Note that Blogger is still happy to serve the blog page to the evil guy. Note that all the evil guy has to do is to tell their browser that toolator.com is not to be trusted. I mean, everyone has AdBlock and NoScript installed, don’t they? Note how it took me precisely two clicks - one on NoScript button and another on “Forbid toolator.com” - to tell Toolator to bog off? Of course, this applies to all Toolator-“protected” sites. No use installing it now!

If this had been a properly implemented SaaS setup, Blogger would have made a remote call to Toolator and refused to show the page. Instead, Blogger is happily unaware of what transpired between you and Toolator, and just keeps serving the same stuff to everyone.

On sunnier side, however, is that “maintain a global blocklist” type of a dealie would be a proper goal for a SaaS security system. Make one website where people could maintain security parameters of their websites, make an API for it, make plugins for major software packages, and boom! One website that can handle blocking and stuff for all of the websites you use. Similar setups already exist in read-only form (think of all spam blackhole lists), and letting people muck with their own security settings in a centralised location like that could be interesting. Or, it could be hideously problematic in case the service goes down, which is why most people probably want to implement security measures on their end instead. You can’t always get convenience and security at the same time, after all.

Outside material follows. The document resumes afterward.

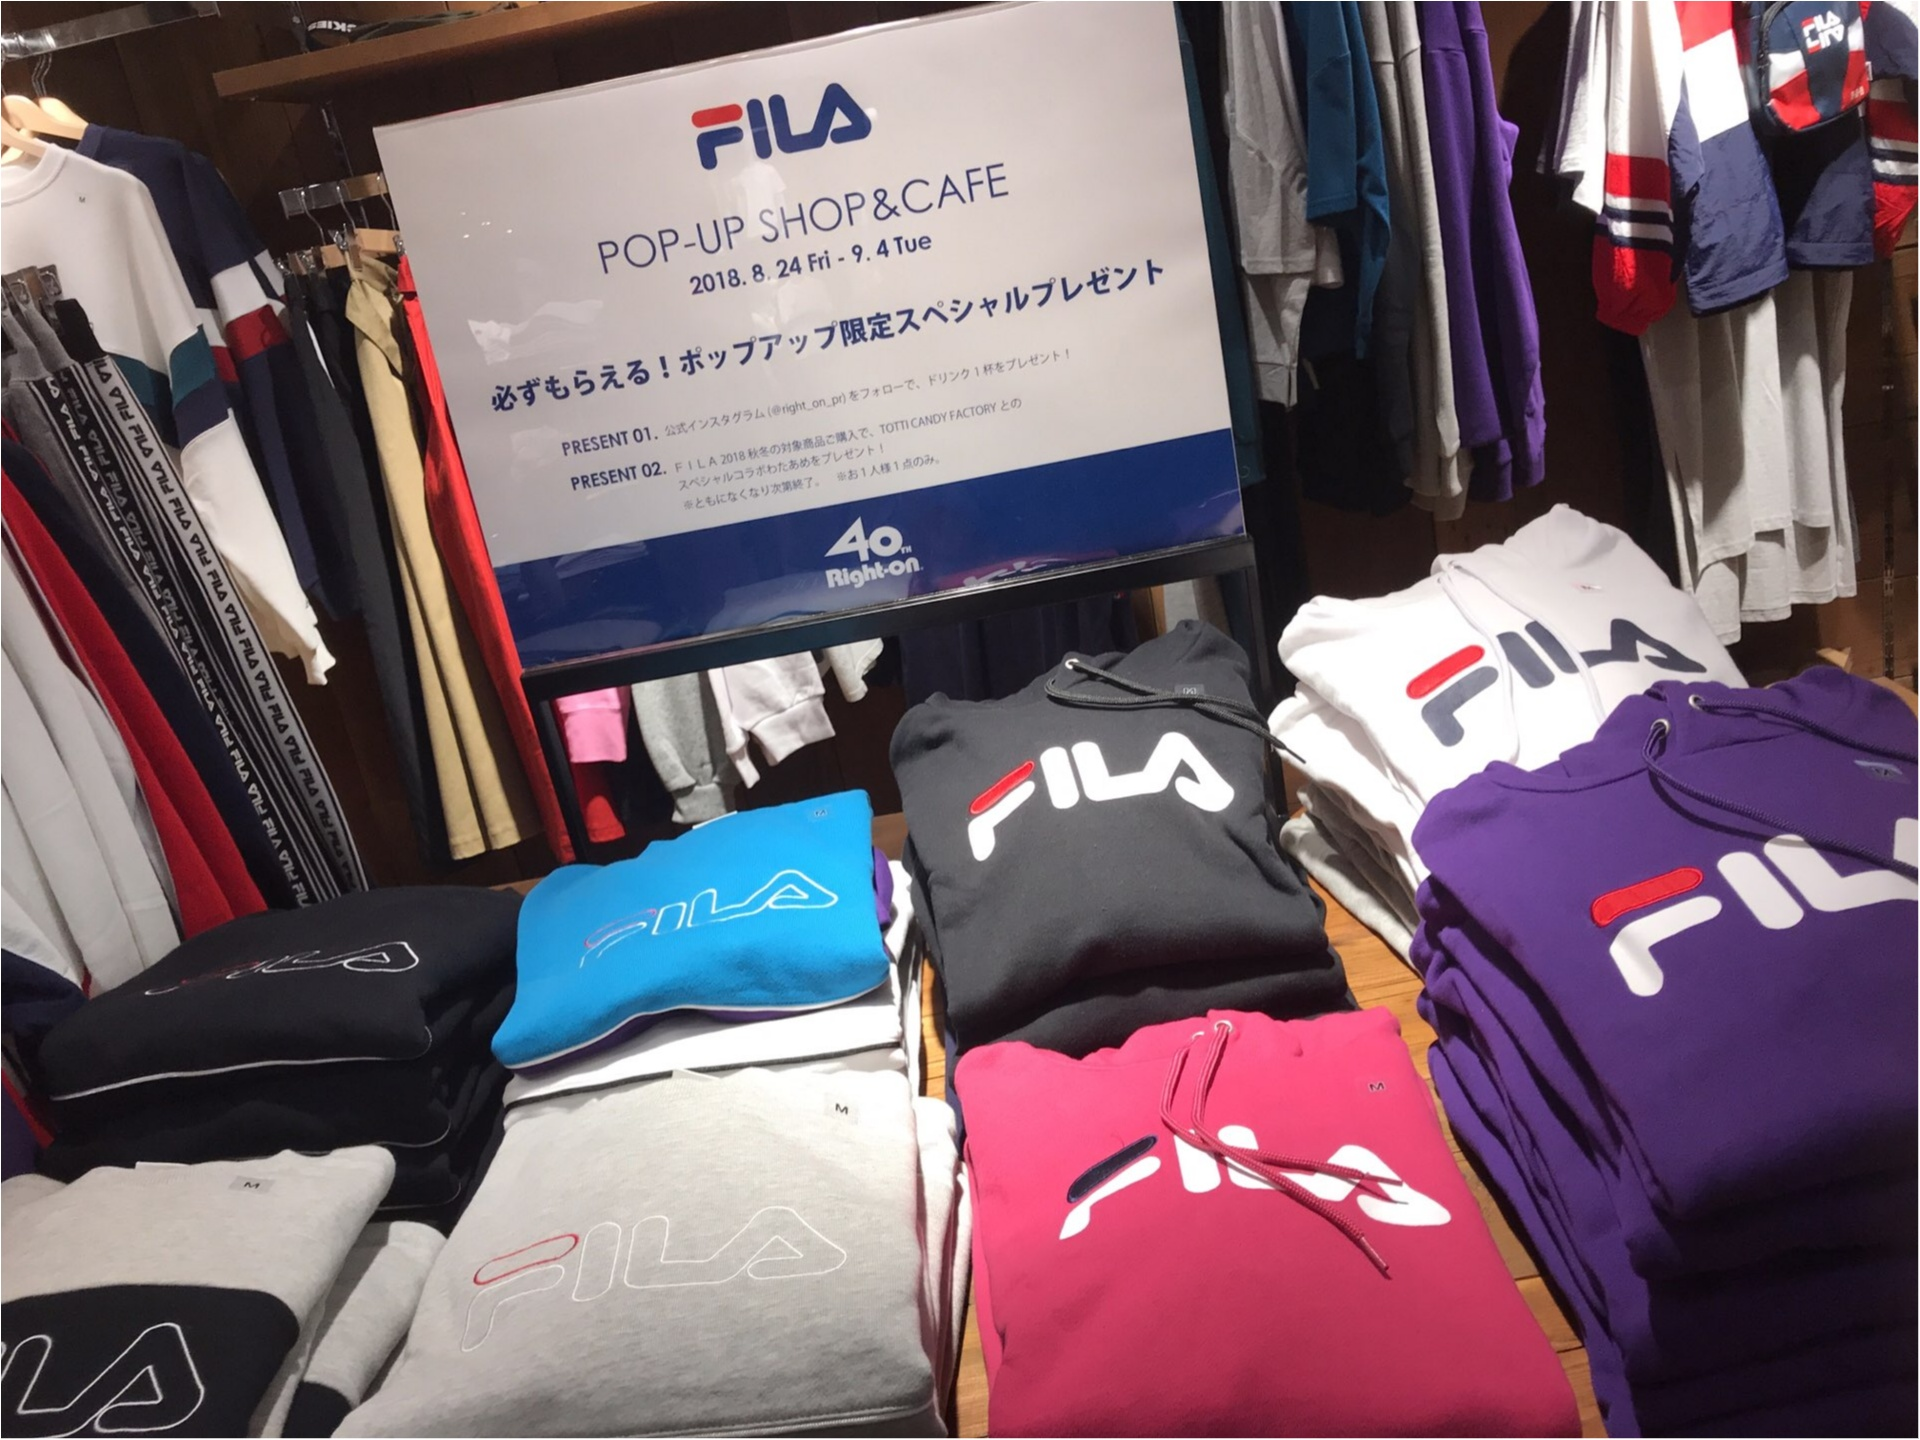 【FILA(フィラ)】がRight-onをジャック!?POP-UPSHOP&CAFEがオープン★_2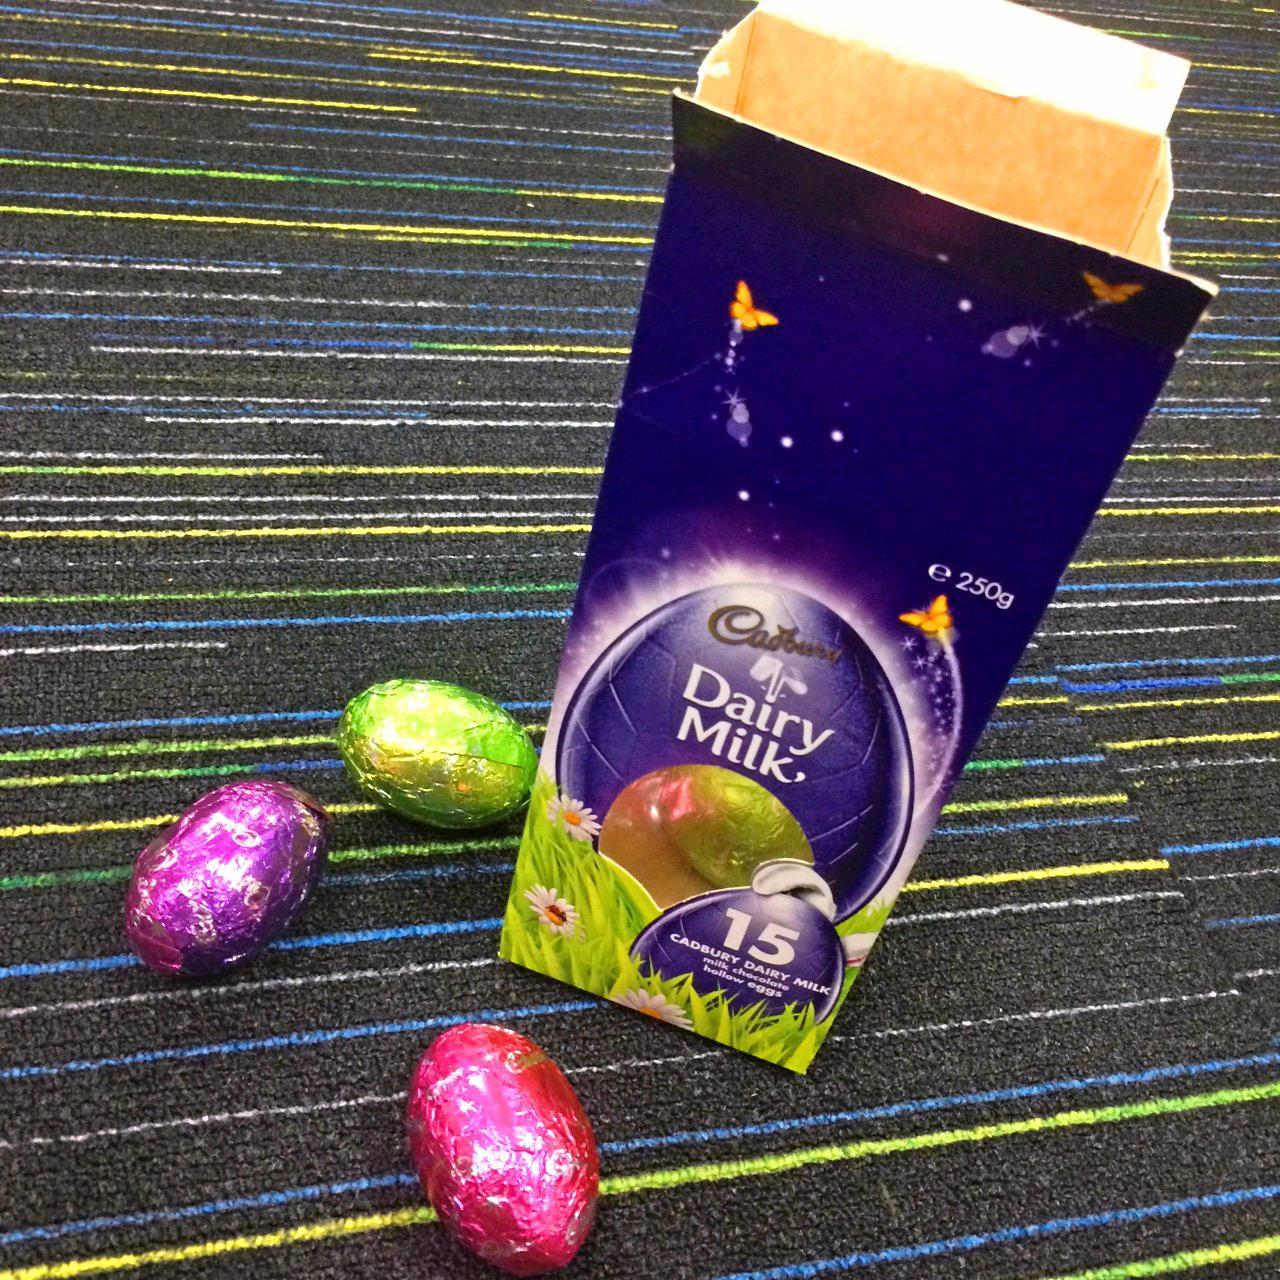 Cadbury Dairy Milk easter eggs.  Photo Contributed

And speaking of that, it’s probably not a good idea to mention such unreliability on the front page:

December 19th, 2011
Today our server crashed. For that reason we had to restore our database.

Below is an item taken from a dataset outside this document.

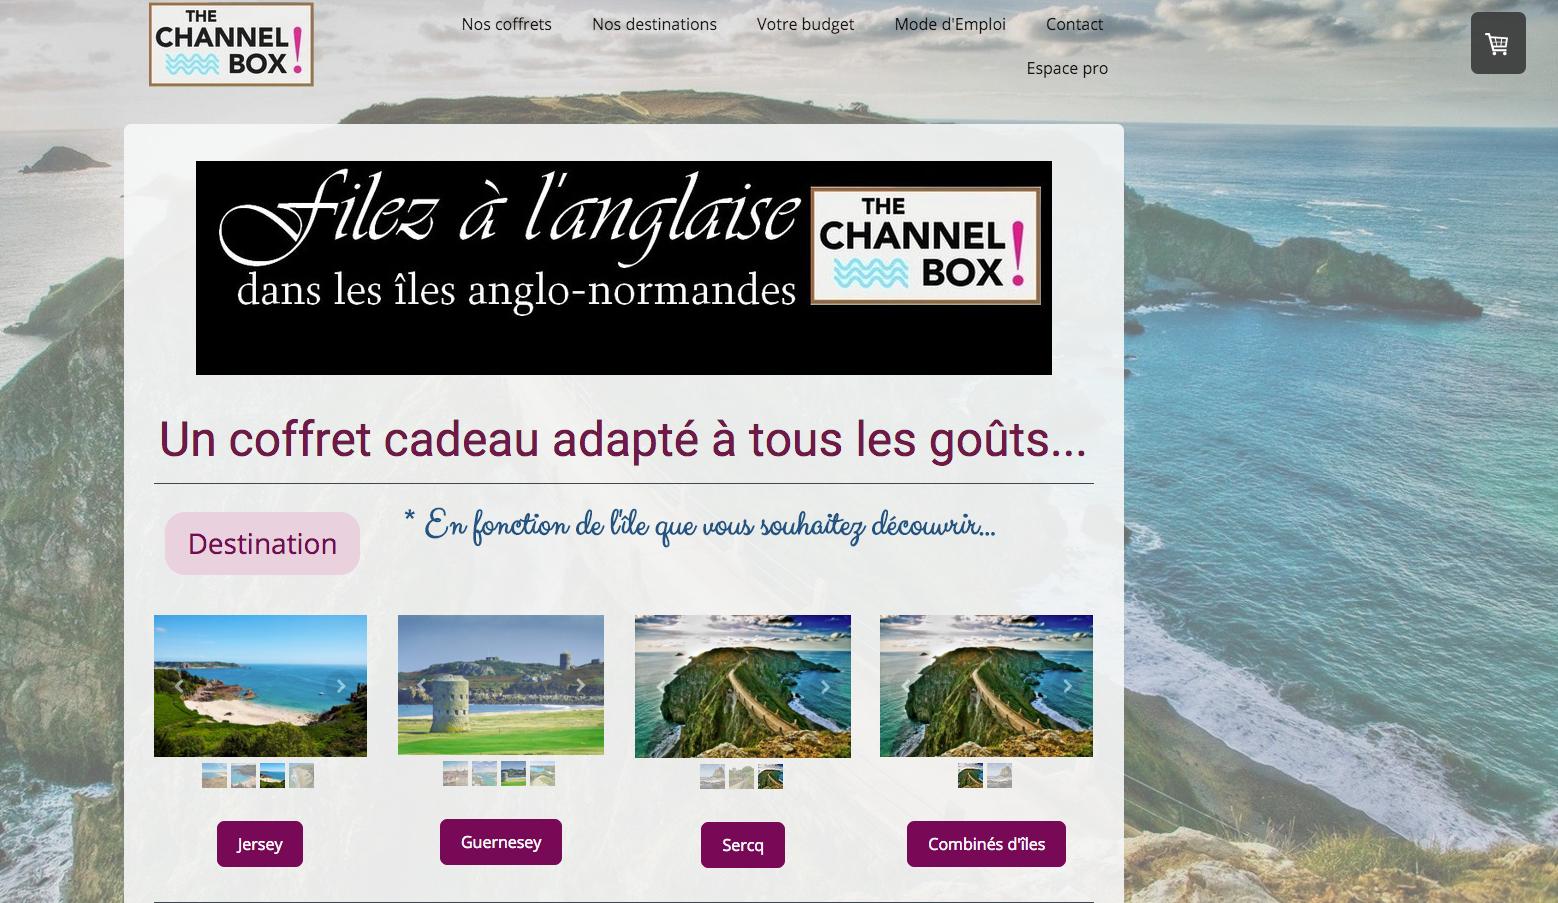 http://www.thechannelbox.fr/

(Random calendar checking - yes, it’s still only April. What the heck? Oh, right, they’re talking about December 2010.)

But then again, it’d be hideously irresponsible for them to not mention such problems, and it’s better to mention them anyway.

There’s a whole lot more of weirdness that can be seen on this company. The fact that free service lets you ban whopping 3 addresses, and that the cheapest offering won’t even let you do range blocks. The fact that range blocks are given in weird format and not CIDR. The fact that the “interal website” where the banned people get redirected to appears to flog Flash clocks (judging from the screenies in The Older Geek’s blog post), which isn’t at all shady, no. The fact that the official faceless nameless corporate spokesperson guy uses Jack Sparrow as a forum avatArrrrrrr. I could go on, but you get the idea. There’s a place for whimsical and weird approaches after the proper things have been taken care of.